----- Raw data -----

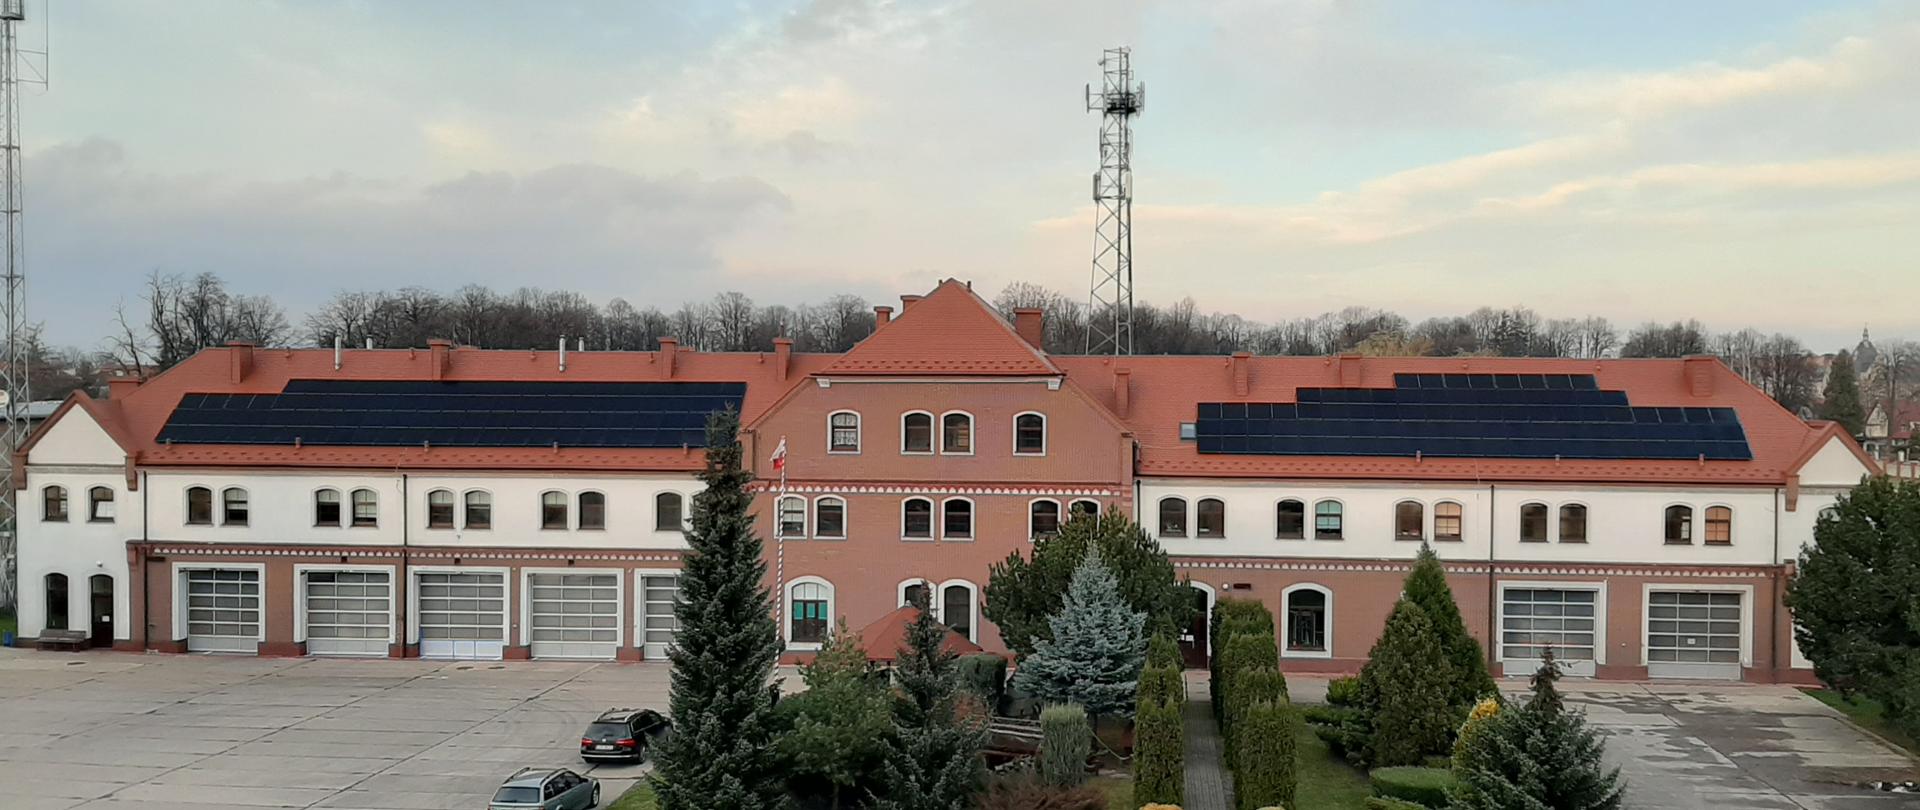 Zdjęcie panoramiczne przedstawiające budynek Komendy Powiatowej PSP w Prudniku, z wykonana instalacja fotowoltaiczną zamontowaną na dachu budynku.
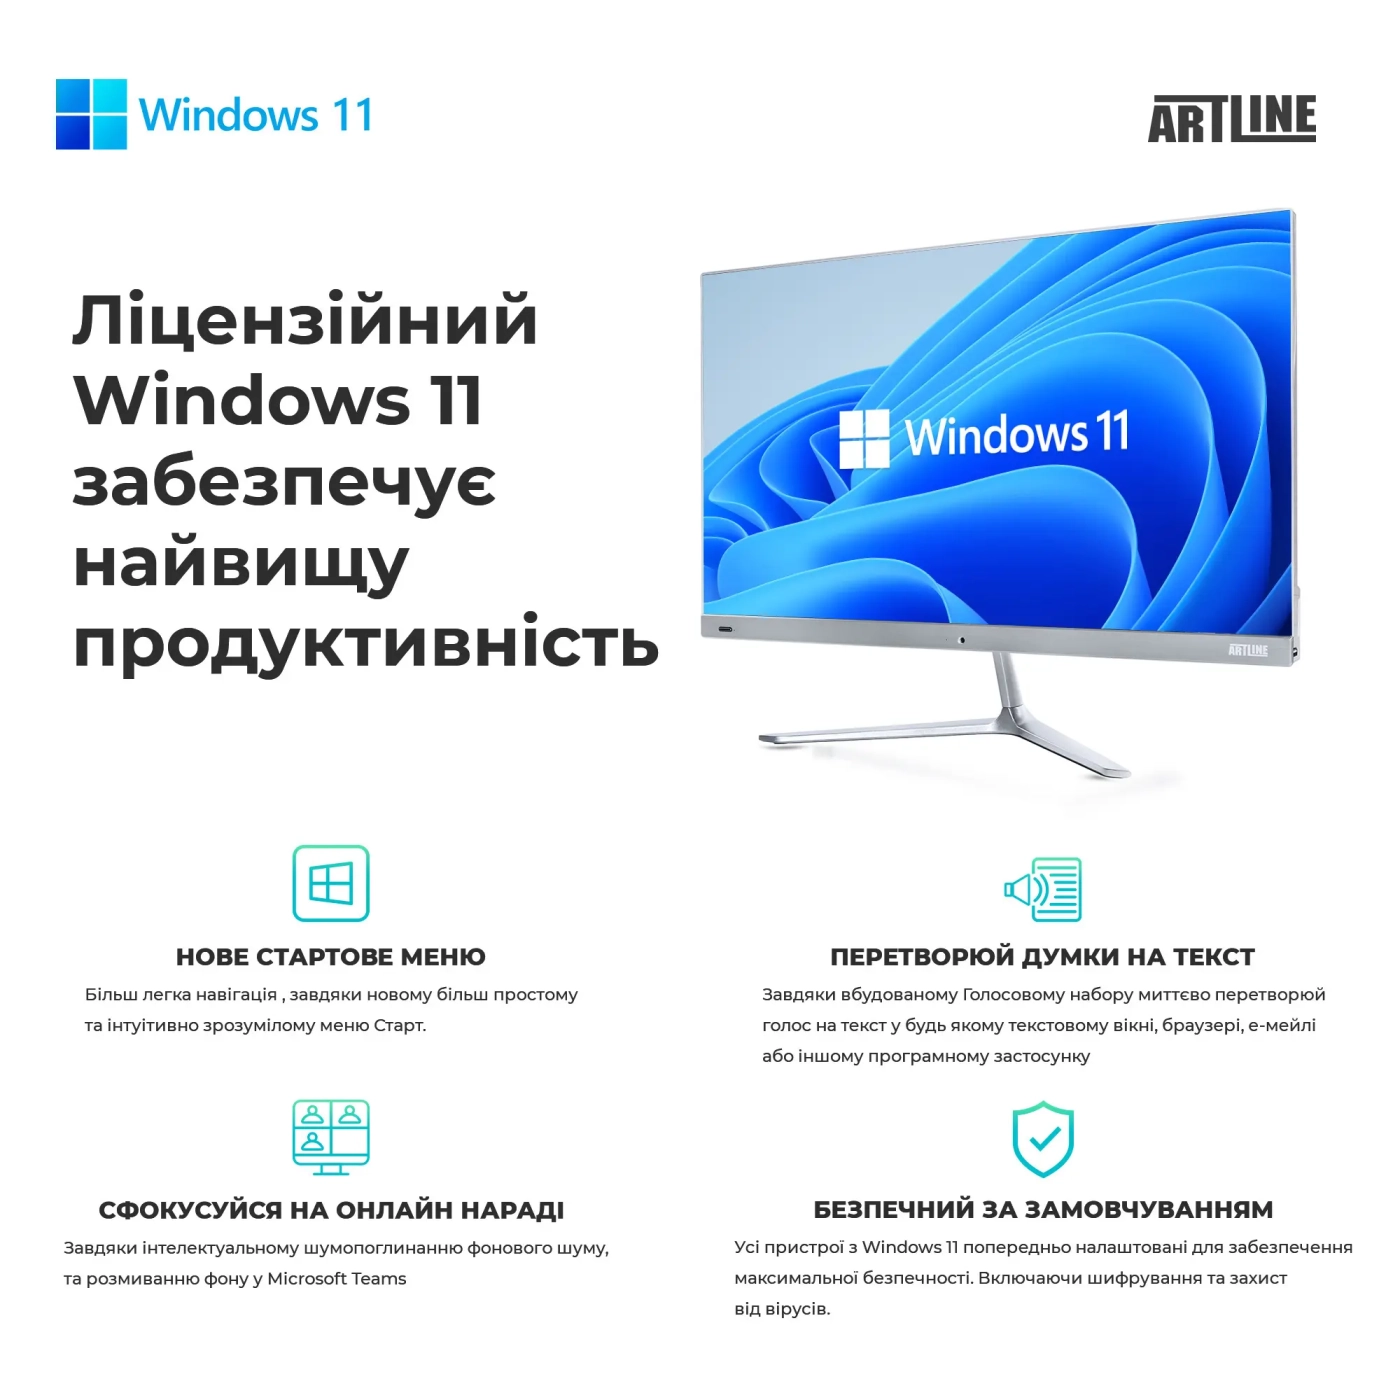 Купить Рабочая станция ARTLINE WorkStation W52 Windows 11 Pro (W52v21Win) - фото 6
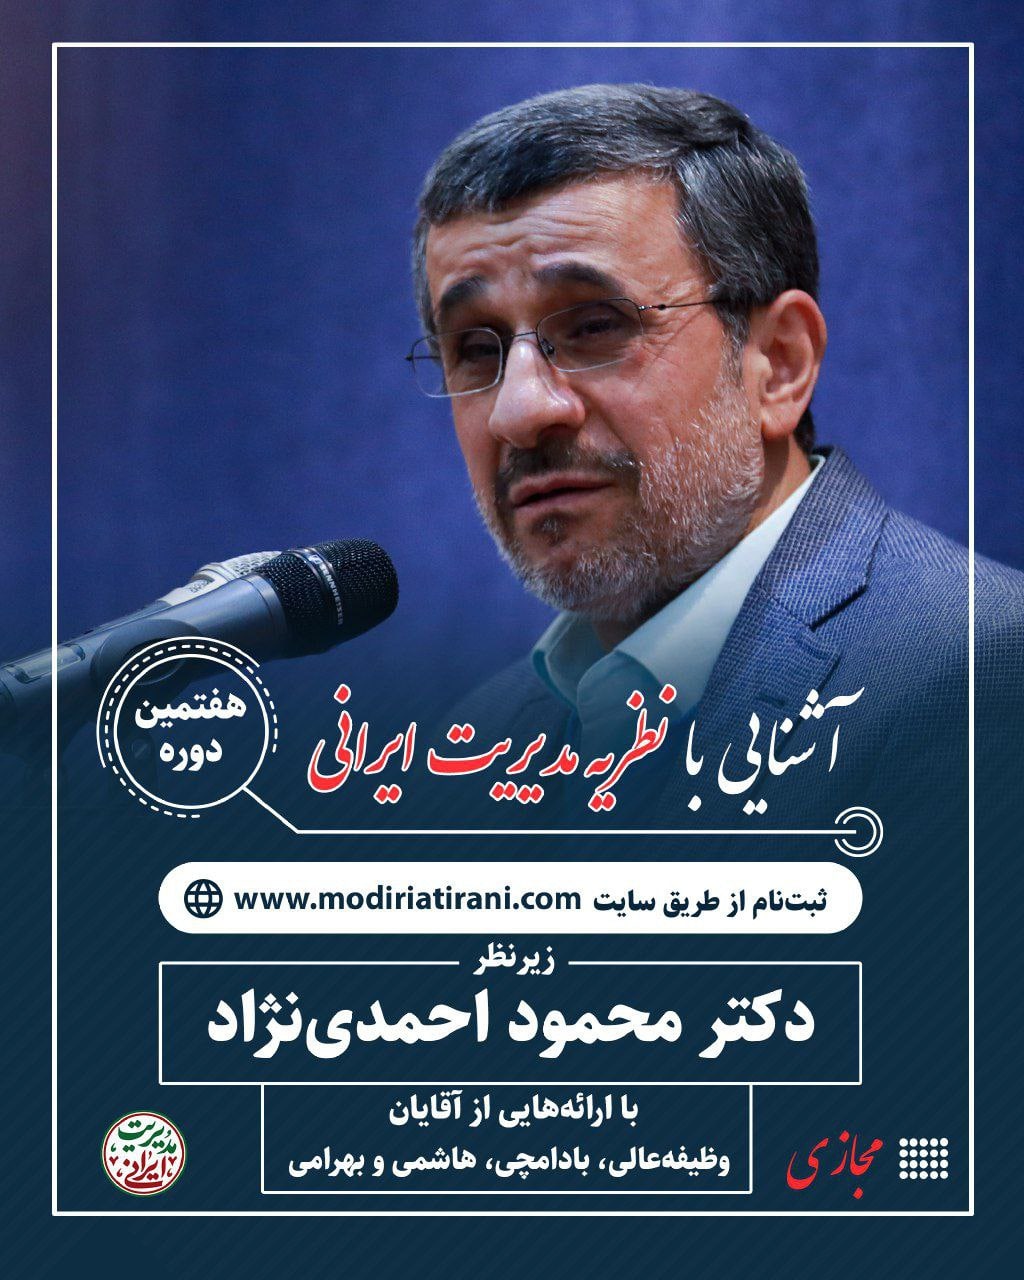 احمدی نژاد آمد، احمدی نژاد با کارگاه نظریه مدیریت ایرانی آمد

-----

## Brief
The result should be the full material above, word for word, with its pictures omitted.

## Response to the task
 Zdjęcie panoramiczne przedstawiające budynek Komendy Powiatowej PSP w Prudniku, z wykonana instalacja fotowoltaiczną zamontowaną na dachu budynku.
 Купить Рабочая станция ARTLINE WorkStation W52 Windows 11 Pro (W52v21Win) - фото 6
 احمدی نژاد آمد، احمدی نژاد با کارگاه نظریه مدیریت ایرانی آمد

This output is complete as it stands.